Pioneering is exceptionally hard and requires you to do deep science. Do not simply persist and insist on your idea. Of course, you need to persevere and, at times, be somewhat stubborn but, at the same time, you have to be very scientific. You have to remain curious, inquisitive and evolve your idea with the data.
8. If you were in med school/grad school/business school today, and could sign up for a class, which topic/area would you choose? Why?
I would say, a course on computer science and machine learning. I actually took Andrew Ng’s class at Stanford, remotely, a couple of years ago. He teaches an introduction to machine learning course. I thought it was going to be a survey of topics but turned out to actually be a series of programming assignments. I had to stay up until midnight, trying to code and debug my algorithms.
9. What is a book you are reading in your free time?

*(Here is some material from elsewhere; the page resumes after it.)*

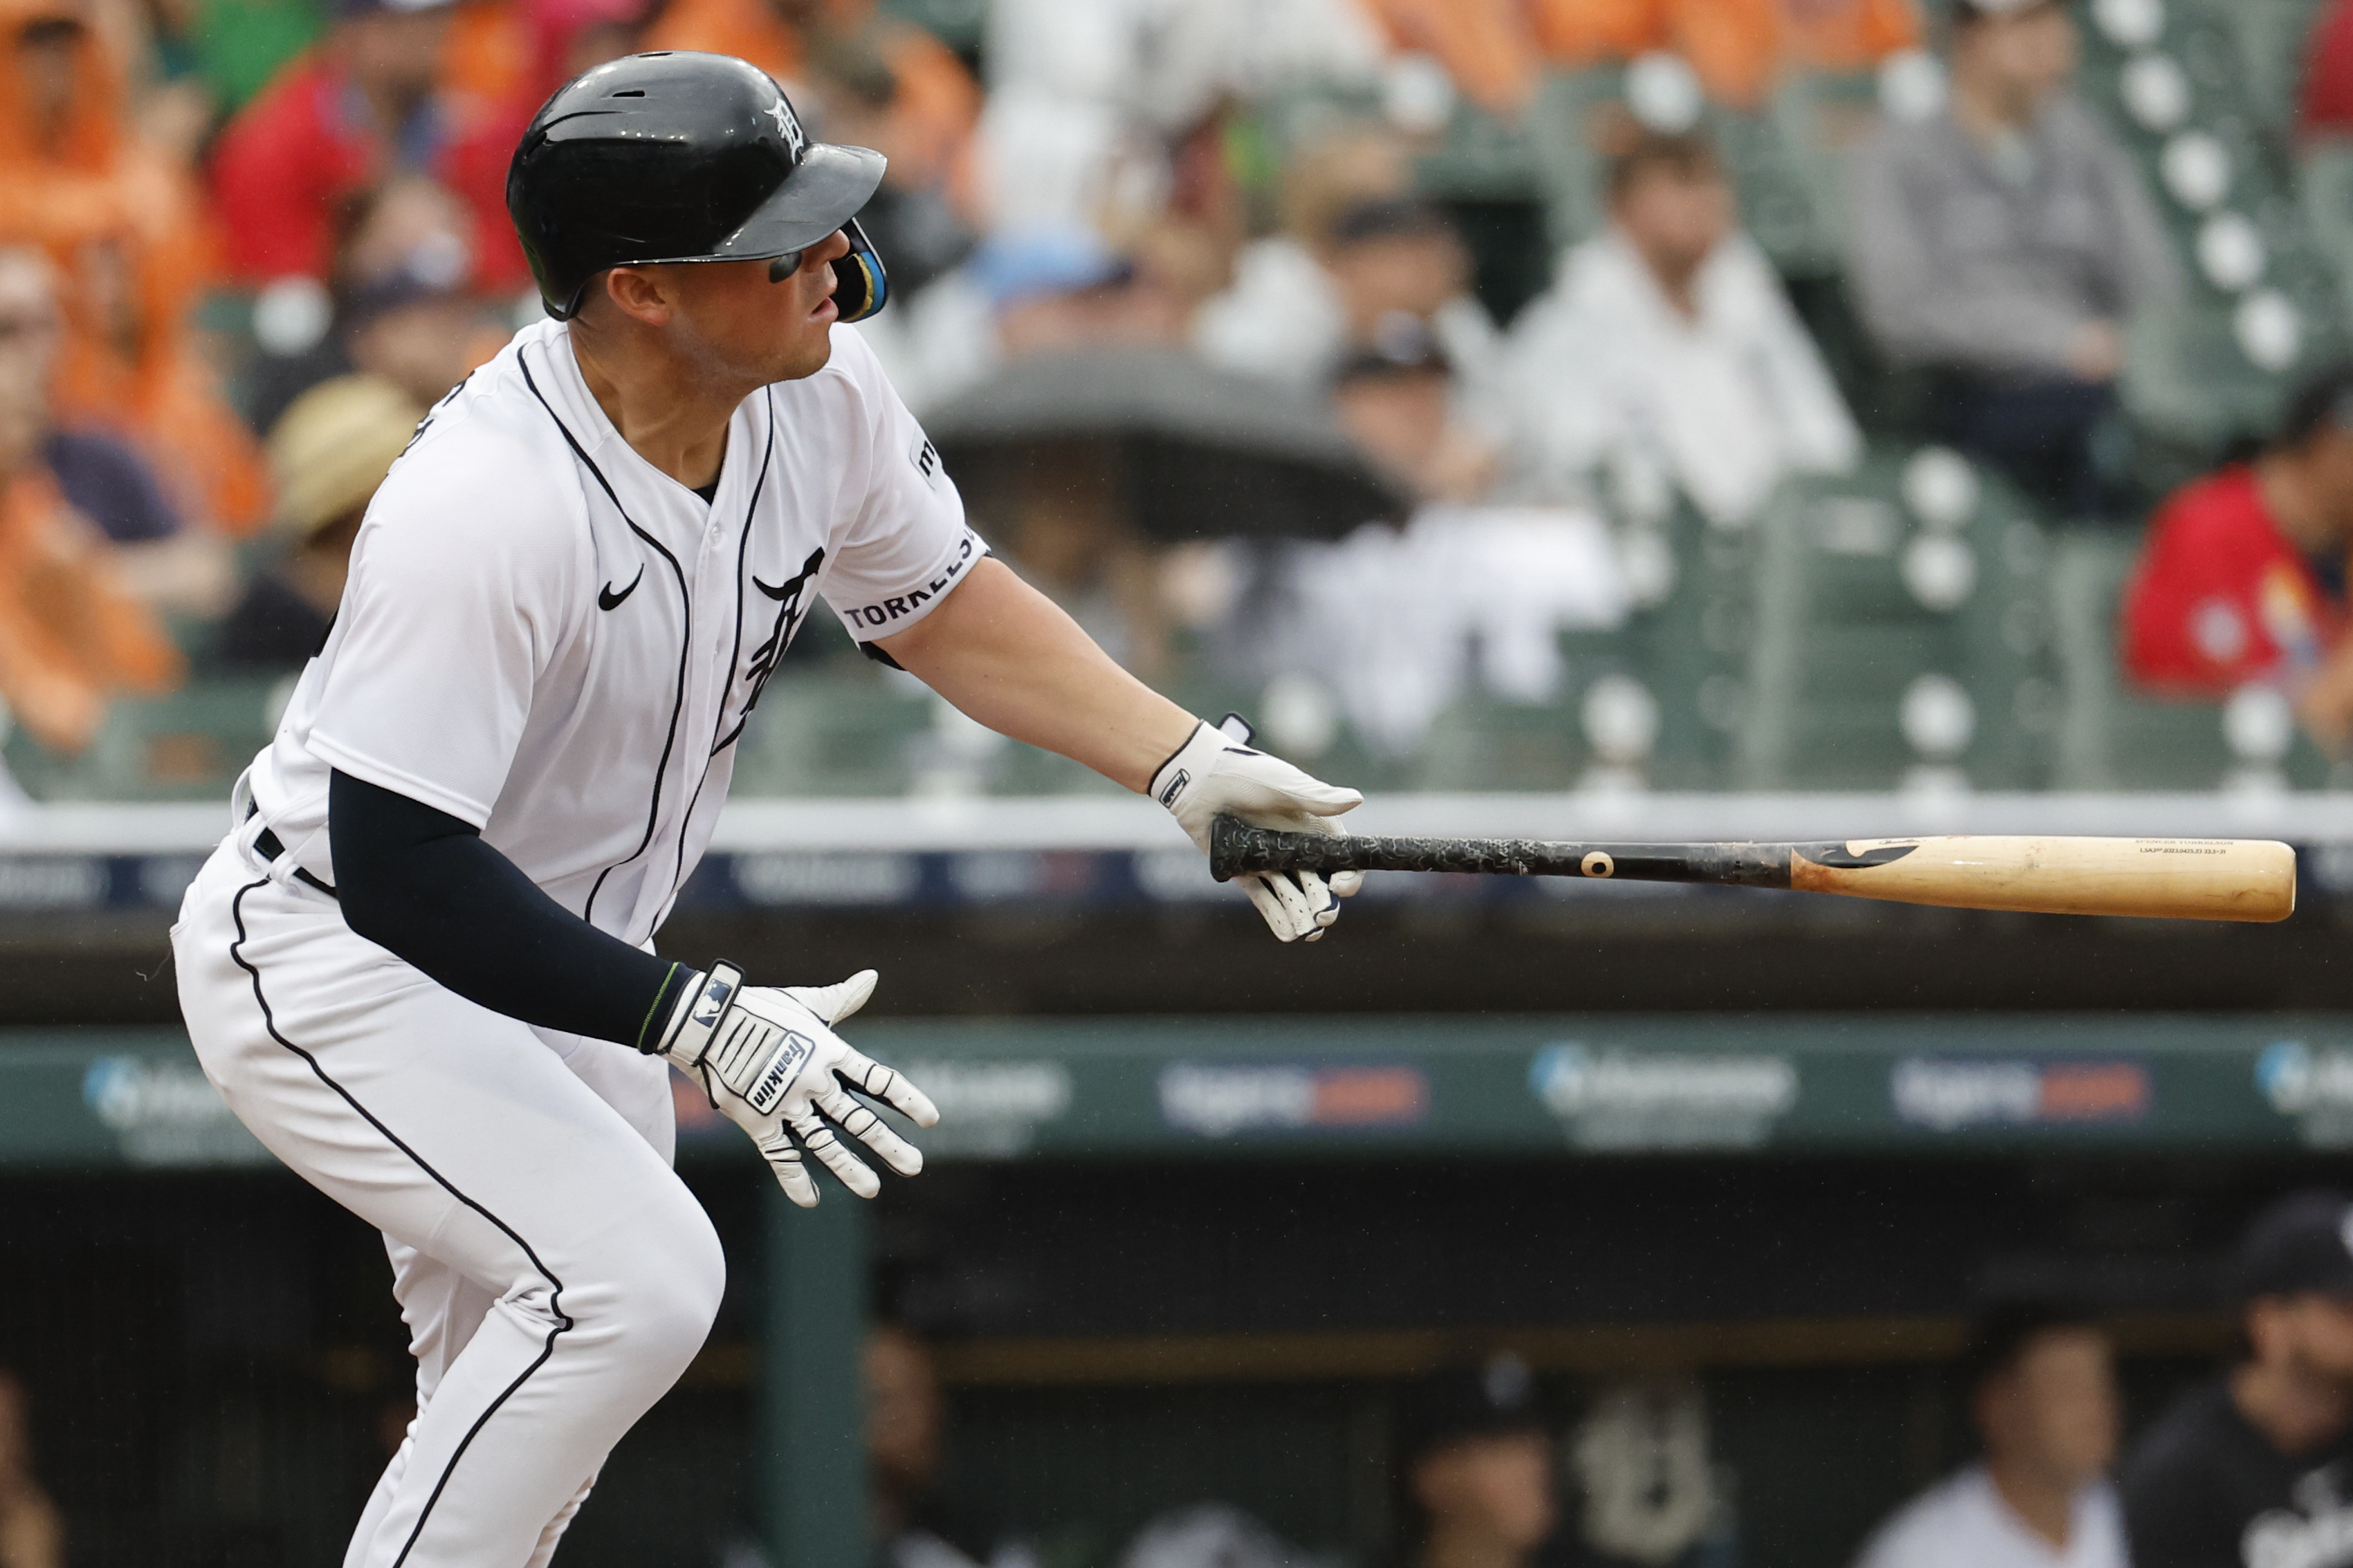 Detroit Tigers blanked by New York Yankees, 13-0 – The Oakland Press
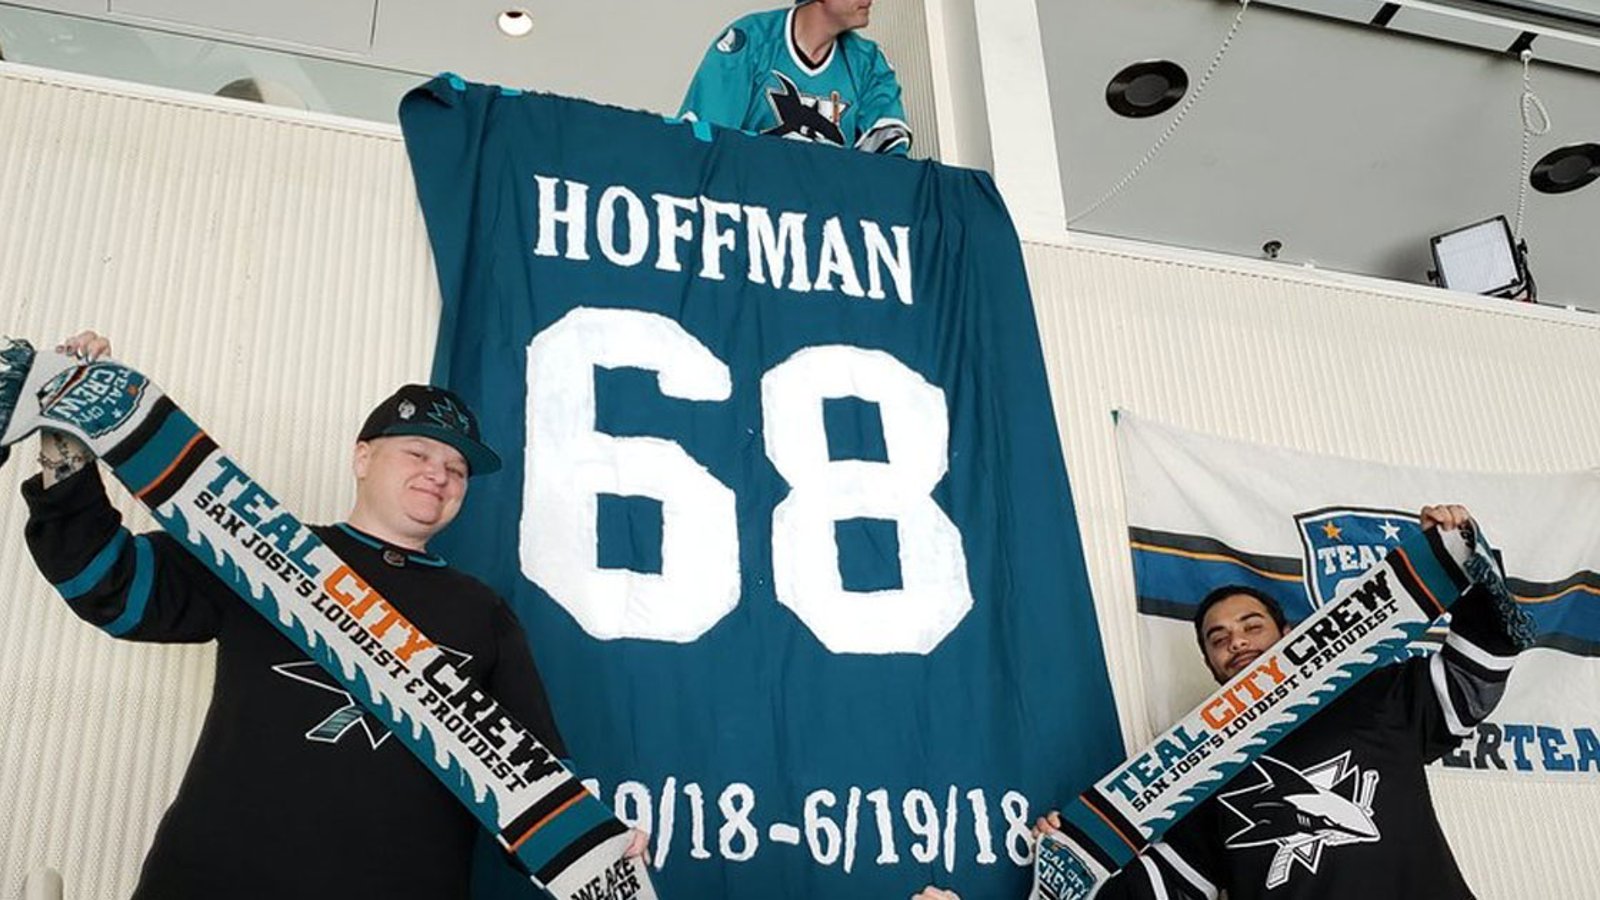 Fans display mock retired Sharks banner for Hoffman and his reaction is priceless!

Right now, I am reading Lee Kuan Yew’s memoir on the founding of Singapore. I'm interested in this for a couple of reasons. The first is that it feels like what one must do to create a startup, in some ways, which I find interesting. I'm also Armenian, and Armenia is a fledgling nation. I'm trying to understand the formation of Singapore and how it became so successful. There are parallels to Armenia, which is now trying to chart its future as a small, landlocked nation. There are similarities and dissimilarities, and I'm just trying to identify what those might be.
On the Foundation for Armenian Science and Technology and Flagship’s program:
There’s an institute, the Foundation for Armenian Science and Technology [FAST], which Noubar co-founded in Armenia.
FAST is trying to spur innovation, and entrepreneurialism in Armenia, particularly in the fields of computer science, technology and biotechnology. They have programs where they attract young graduate students and entrepreneurs from Armenia, who can then get training with us [Flagship] to learn about innovation. I've gone there and worked with the team in Armenia. In fact, a company has come out of this work. Armenian students have also come to Boston and ideated with us in a program akin to our 12-week Summer Fellowship Program. We believe that our innovation process is quite transferable [to Armenian students]. It is our hypothesis that conceiving of and creating companies or platforms is a “communicable addiction.” I think the program is bearing fruit. This work is really a passion of mine, and hopefully I'll be going to Armenia next month.